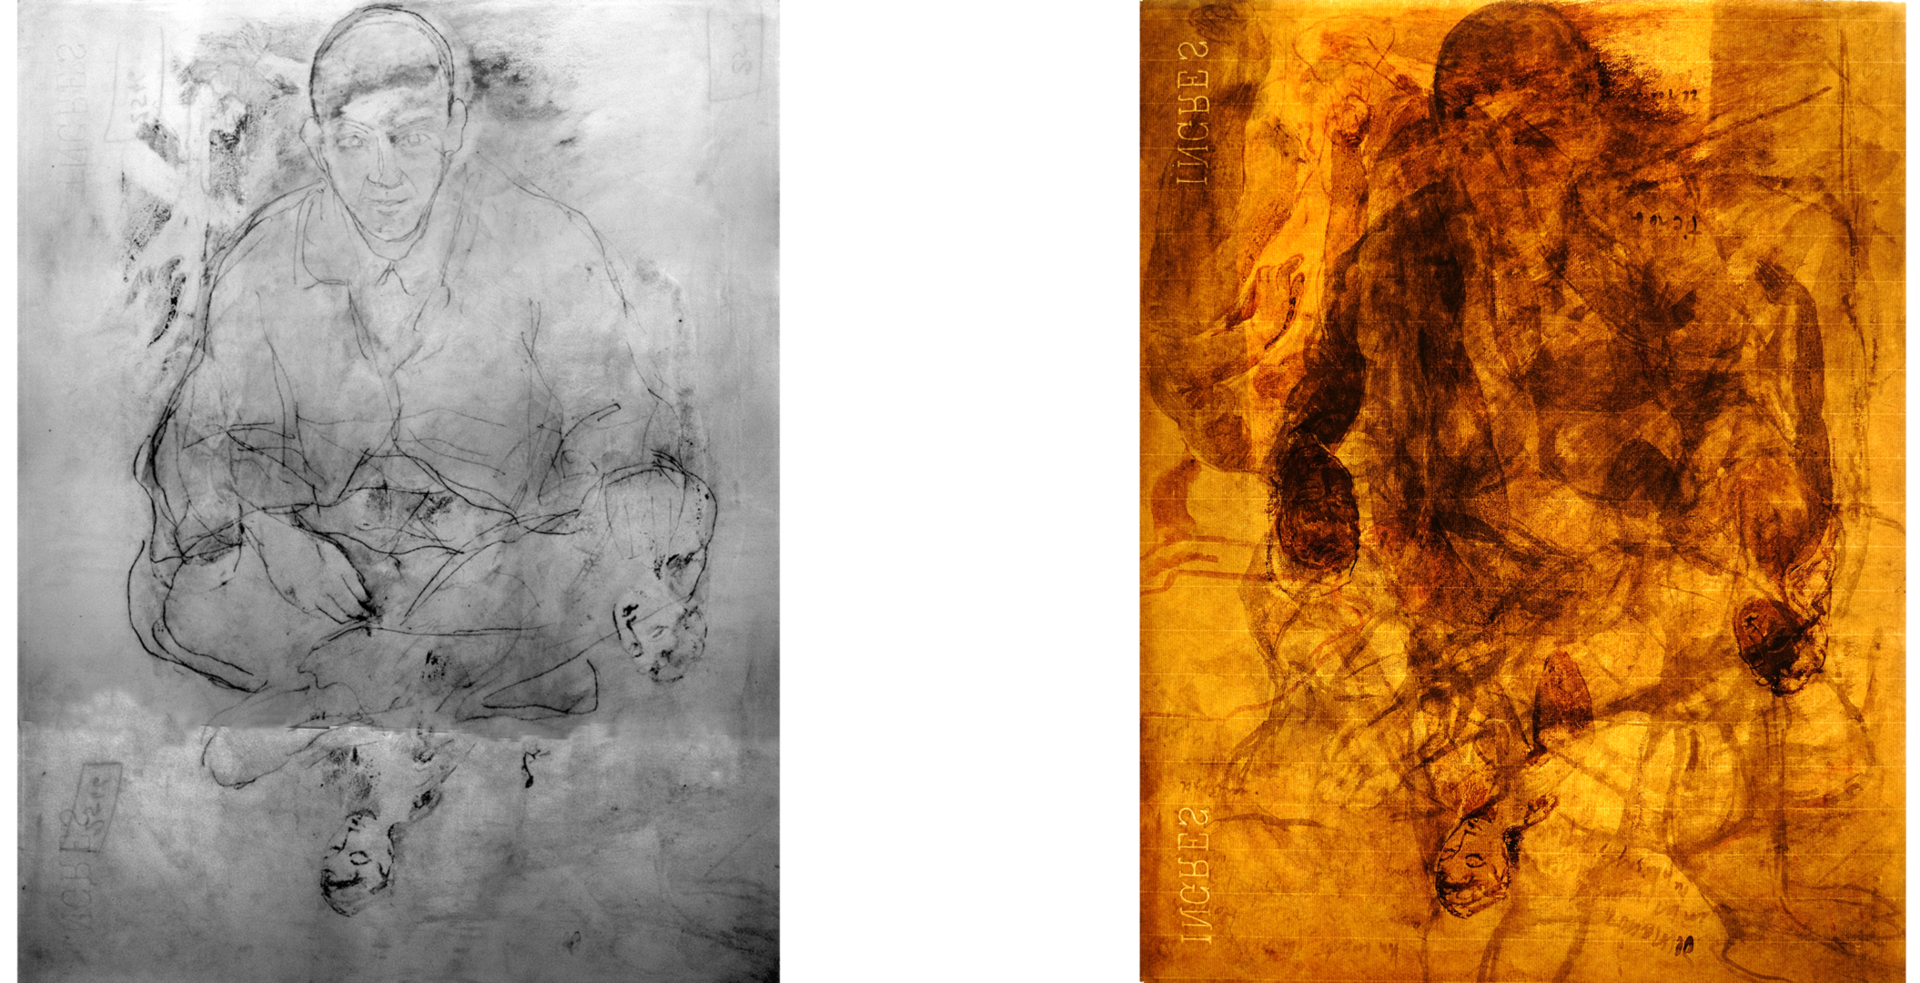 A pencil sketch of a seated figure upside down seen in black and white with IRR (left) and in a bright orange with transmitted light (right)
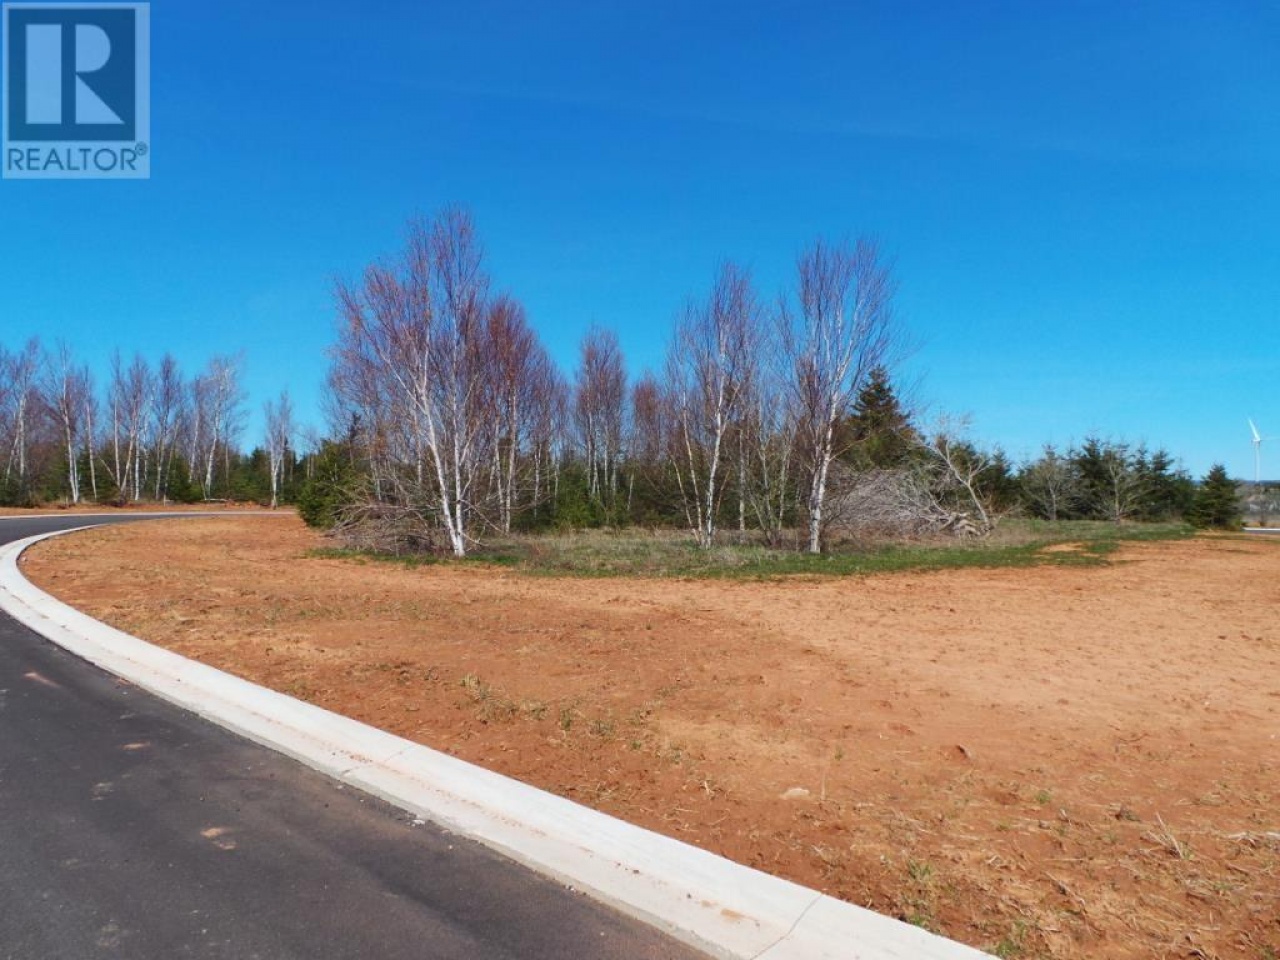 Lot 20-10 Waterview HeightsLot 20-10 Waterview Heights, Summerside, Prince Edward Island C1N6H5, ,Vacant Land,For Sale,Lot 20-10 Waterview Heights,202111415
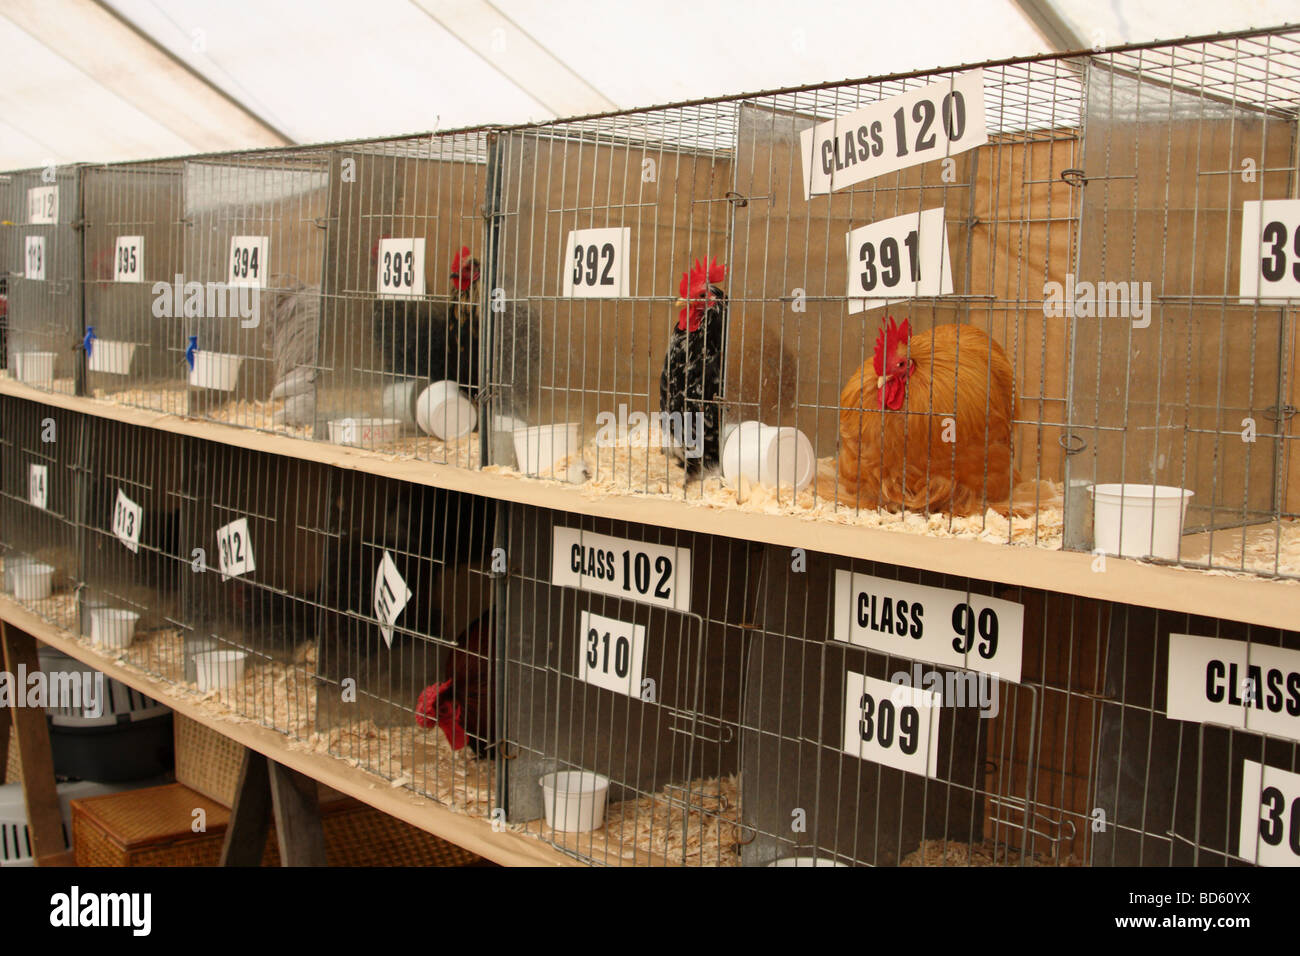 Poultry in cages at the Bakewell Show, Bakewell, Derbyshire, England, U.K. Stock Photo

**REQUIRED WORK:** Write out every line above again exactly, with the pictures left out.

**RESPONSE:**
 A pencil sketch of a seated figure upside down seen in black and white with IRR (left) and in a bright orange with transmitted light (right)
 Lot 20-10 Waterview HeightsLot 20-10 Waterview Heights, Summerside, Prince Edward Island C1N6H5, ,Vacant Land,For Sale,Lot 20-10 Waterview Heights,202111415
 Poultry in cages at the Bakewell Show, Bakewell, Derbyshire, England, U.K. Stock Photo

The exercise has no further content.